My lesson about letting go

27 Dec

Sometimes I think it would be better to be a cat: as far as I know, my cat lives truly in the moment, and doesn’t show any sign of clinging or aversion the way we humans do. This could be a sample of how the mind of my cat works: “I am hungry. Give me my food now. I’m waiting for my food. Petting is good. Yes. I’m hungry. Give me my food now. I’m smelling my food- smells good, eat it!”

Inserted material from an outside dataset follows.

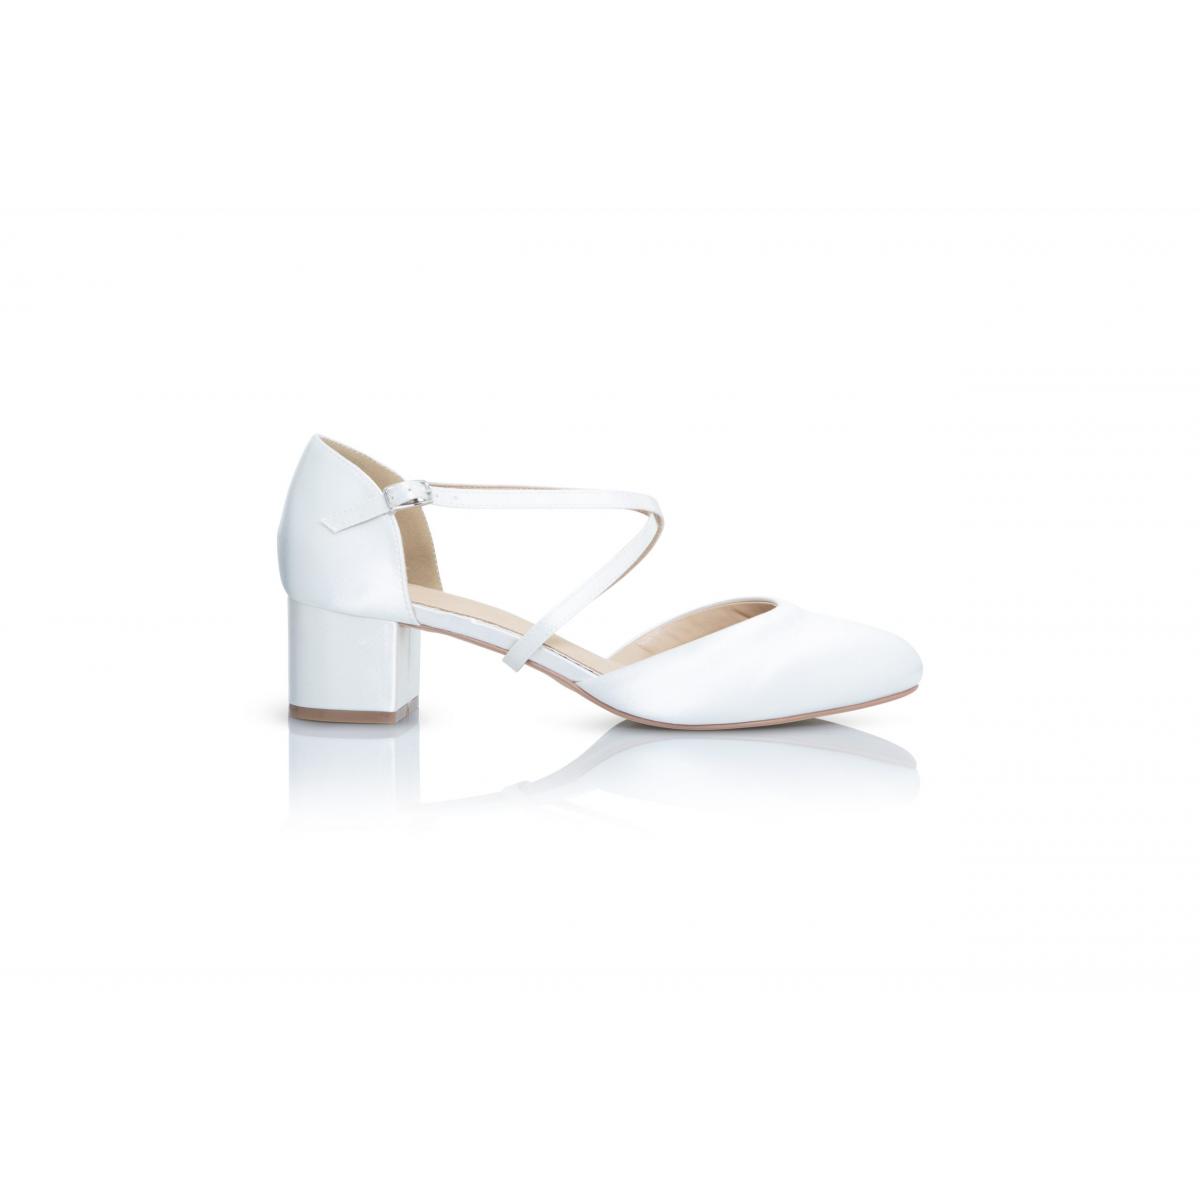 Perfect Bridal Remi Shoes - Ivory Satin 1

The following is a true scenario that illustrates how I am not like my cat. This is an example of how my mind works: “WAIT! I came to my dad’s house to cut some boughs for decorating my house for Christmas like I have for years, only to find that dad had the lower boughs of his 50 foot tall spruce tree cut off. Now I can’t cut any boughs, like I ALWAYS have!” (Pause to feel the enormity of this reality). (Pause to pout like a little girl whose daddy should be there to take care of all her needs and wants). (Pause to remember that Mom, who died in July, ALWAYS let me do this- and who would NEVER have cut those lower limbs off her tree! But- she’s no longer here). What I actually say to my dad: “Oh. That’s right; you had the lower limbs trimmed off your tree. I’d forgotten. Oh well, things change.” (Experience extended mental struggle, and grief over how things used to be). (Experience the dawning realization that it’s hard to let go of what’s familiar and comfortable. Engage in self-talk: It’s ok, Christina. Things do change, and that’s ok. This is a year of big changes, and how you experience them depends on how you view them).

What’s amazing to me is that the above thought process and concomitant emotions took only several seconds to happen; and the echoes of those emotions and thoughts continued for many days afterwards. Letting go doesn’t seem to be something that happens immediately, but is rather a process of refinement and maturation. Here is where Thich Nhat Han’s method of addressing our emotions can come in handy: “Hello, my little grief; hello, my little anger.” Then when you have problems sleeping, or with your digestion, or your skin breaks out, you understand that you’re literally processing your emotions, through your body, and you can have some compassion and appreciation for that!

When we acknowledge our emotions, they have less of a hold on us. As life continues to throw events at us, and we gain more and more experience dealing with them, that refinement process gets faster and faster, until we encounter a difficulty and…seemingly shrug it off. At least, that’s my theory- I have yet to embody that ability!

Back to my cat; perhaps she’s not so different after all. When she encounters a difficult change in her life, she has stomach and elimination upsets, sometimes on the carpet, sometimes on the wood floor. At least she knows how to relax and take care of herself by eating well (voles and mice) and doing her daily yoga!